COLLECTED MATERIAL:
╭──

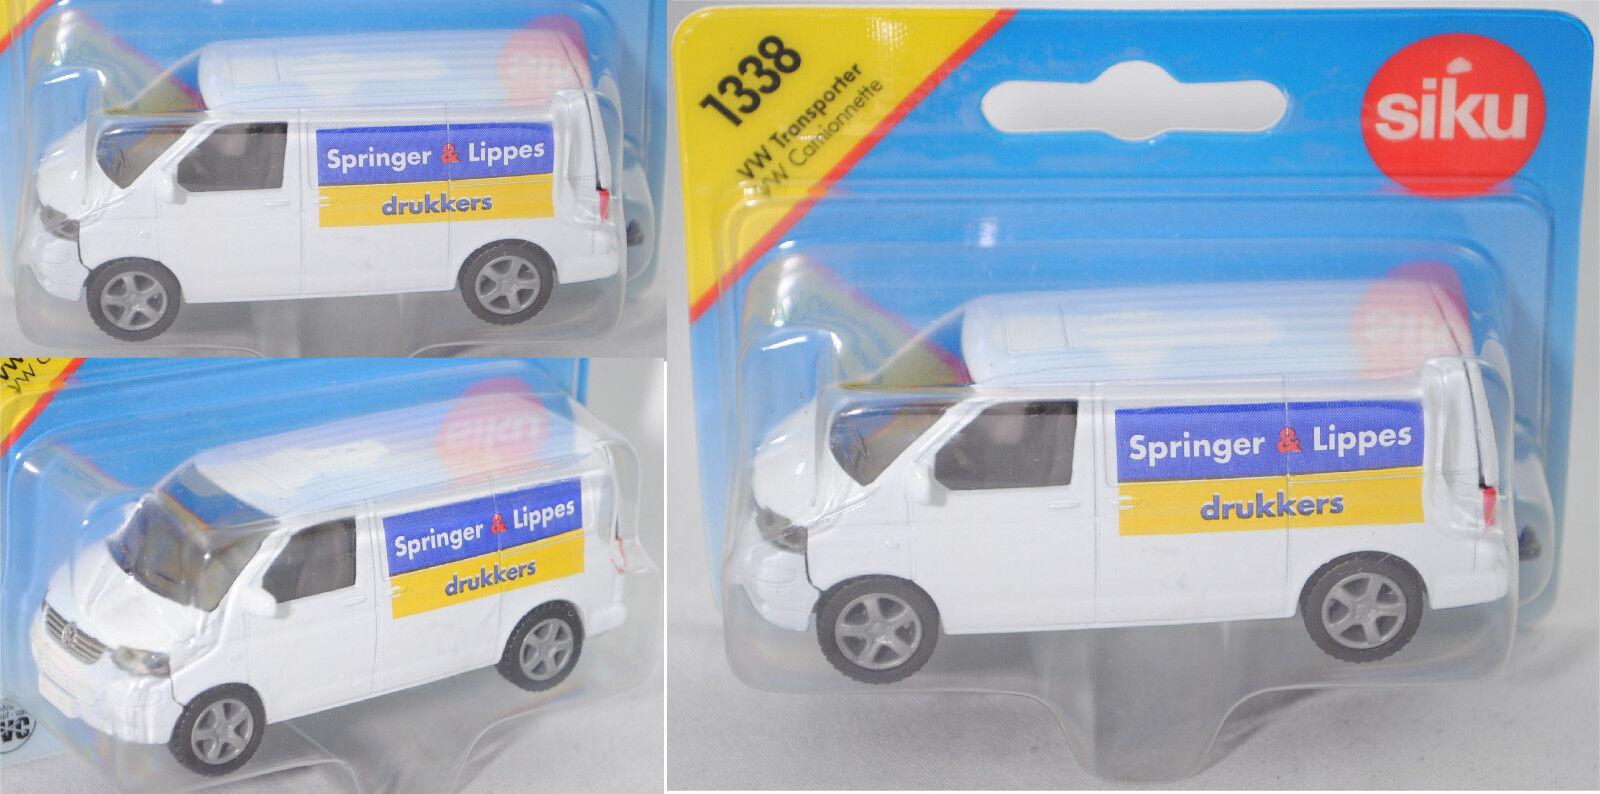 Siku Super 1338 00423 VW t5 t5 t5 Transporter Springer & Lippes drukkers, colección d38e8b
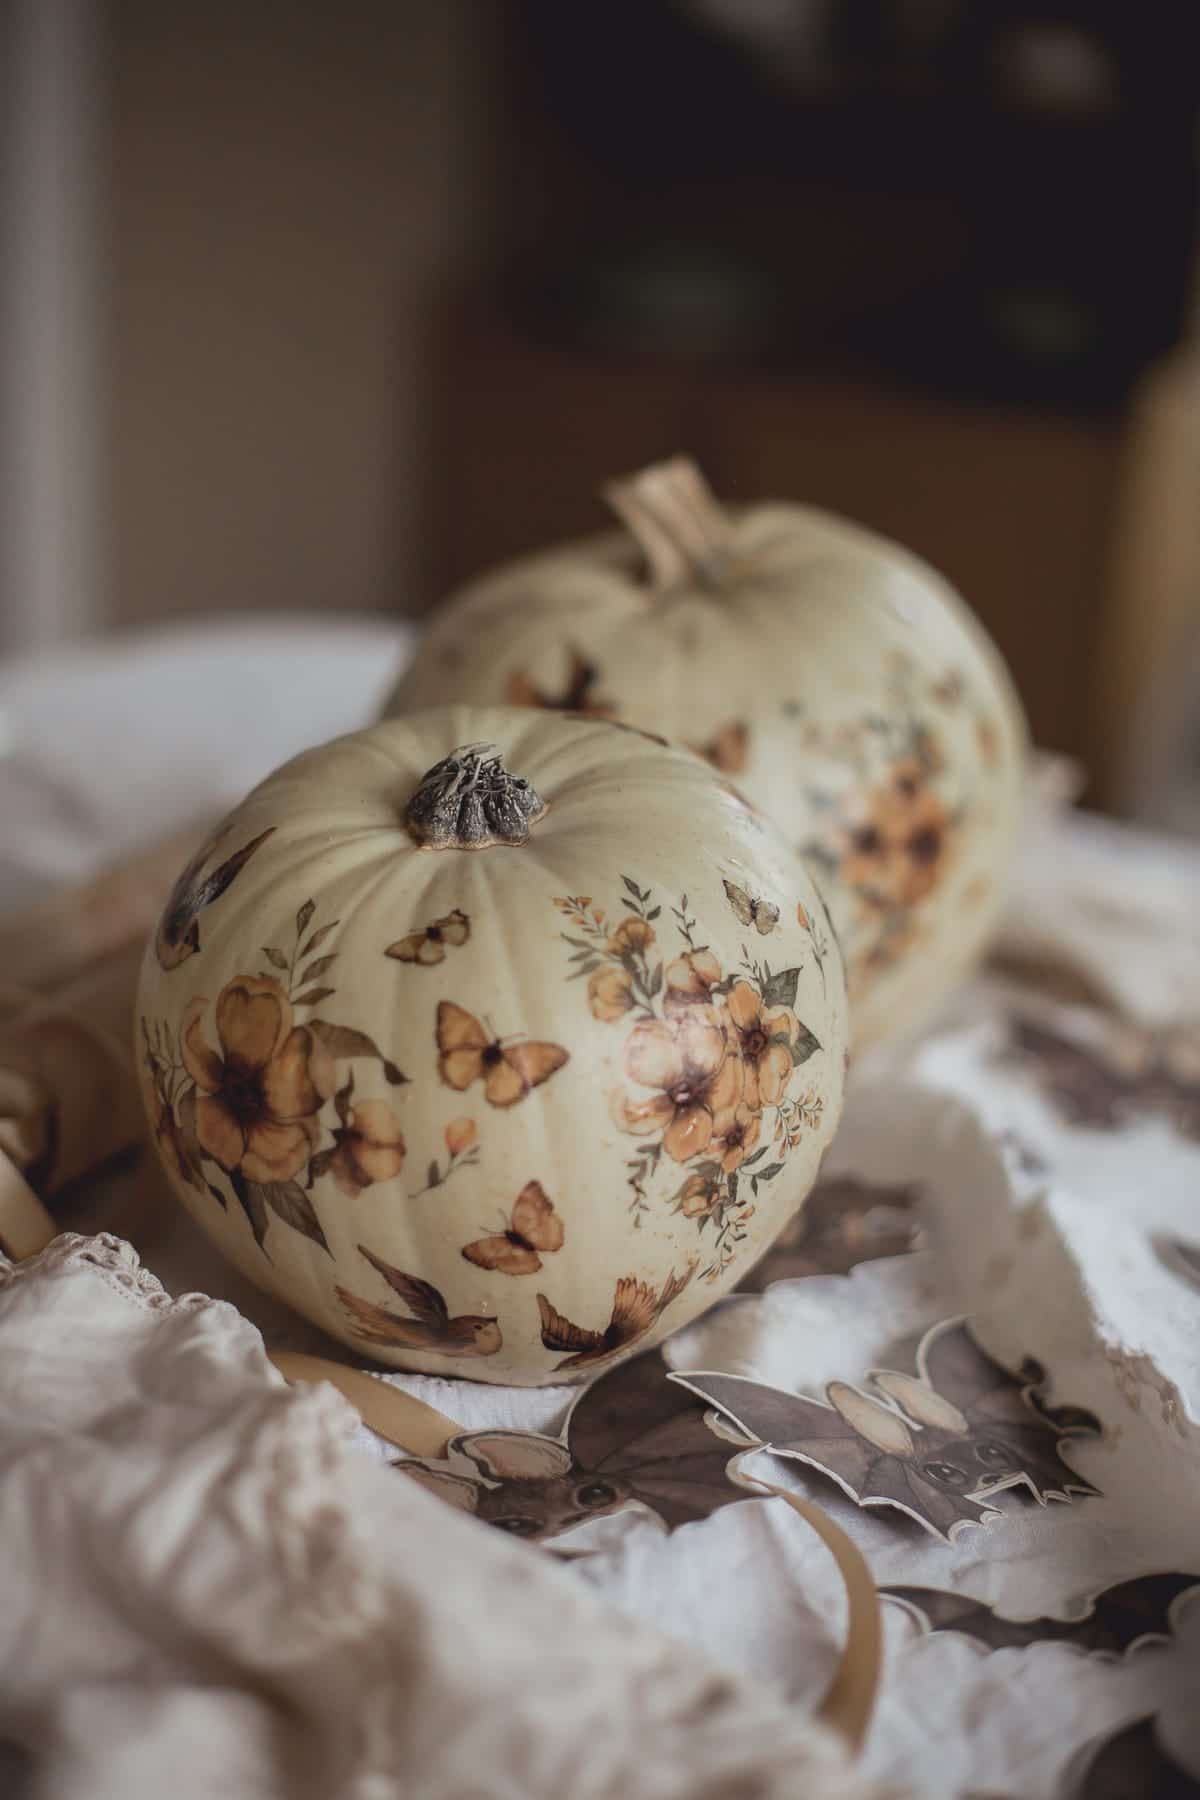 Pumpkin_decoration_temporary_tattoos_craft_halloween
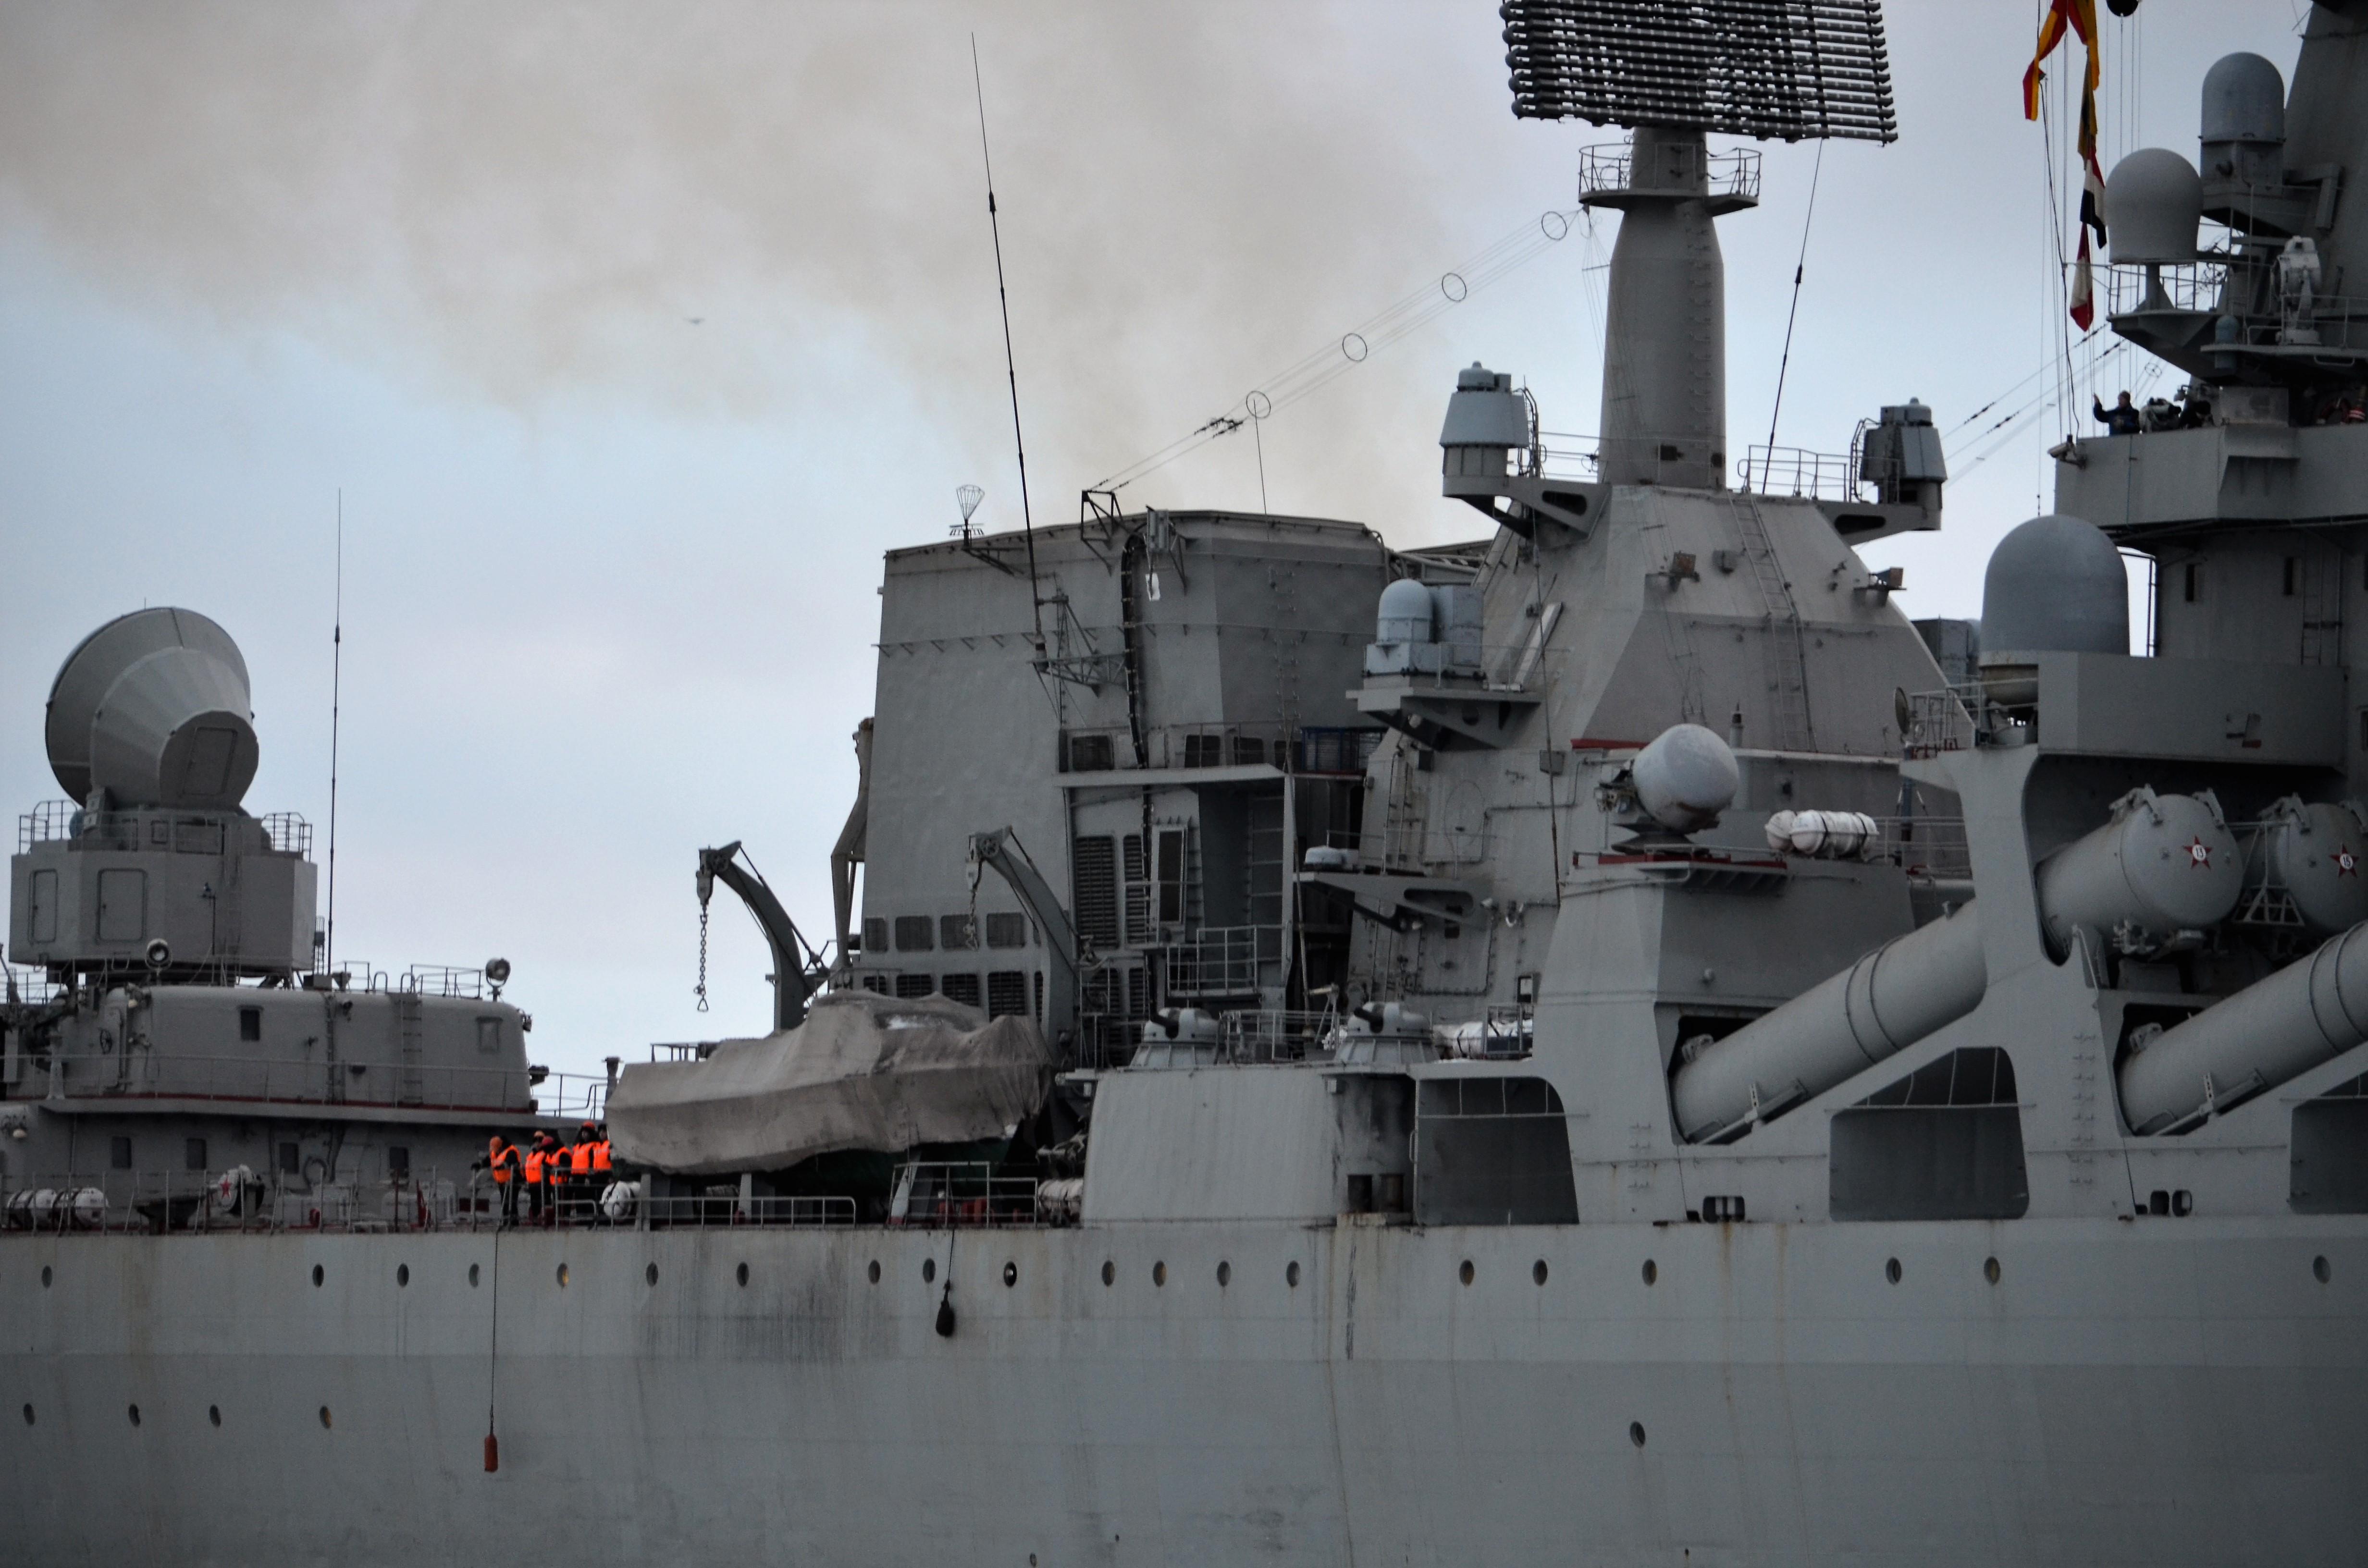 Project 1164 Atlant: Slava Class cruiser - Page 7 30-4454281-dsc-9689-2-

╰──

EXERCISE DIRECTIONS: From the first line to the last, write out the data above exactly. Omit the pictures.

SOLUTION BELOW:
 Siku Super 1338 00423 VW t5 t5 t5 Transporter Springer & Lippes drukkers, colección d38e8b
 Pumpkin_decoration_temporary_tattoos_craft_halloween
 Project 1164 Atlant: Slava Class cruiser - Page 7 30-4454281-dsc-9689-2-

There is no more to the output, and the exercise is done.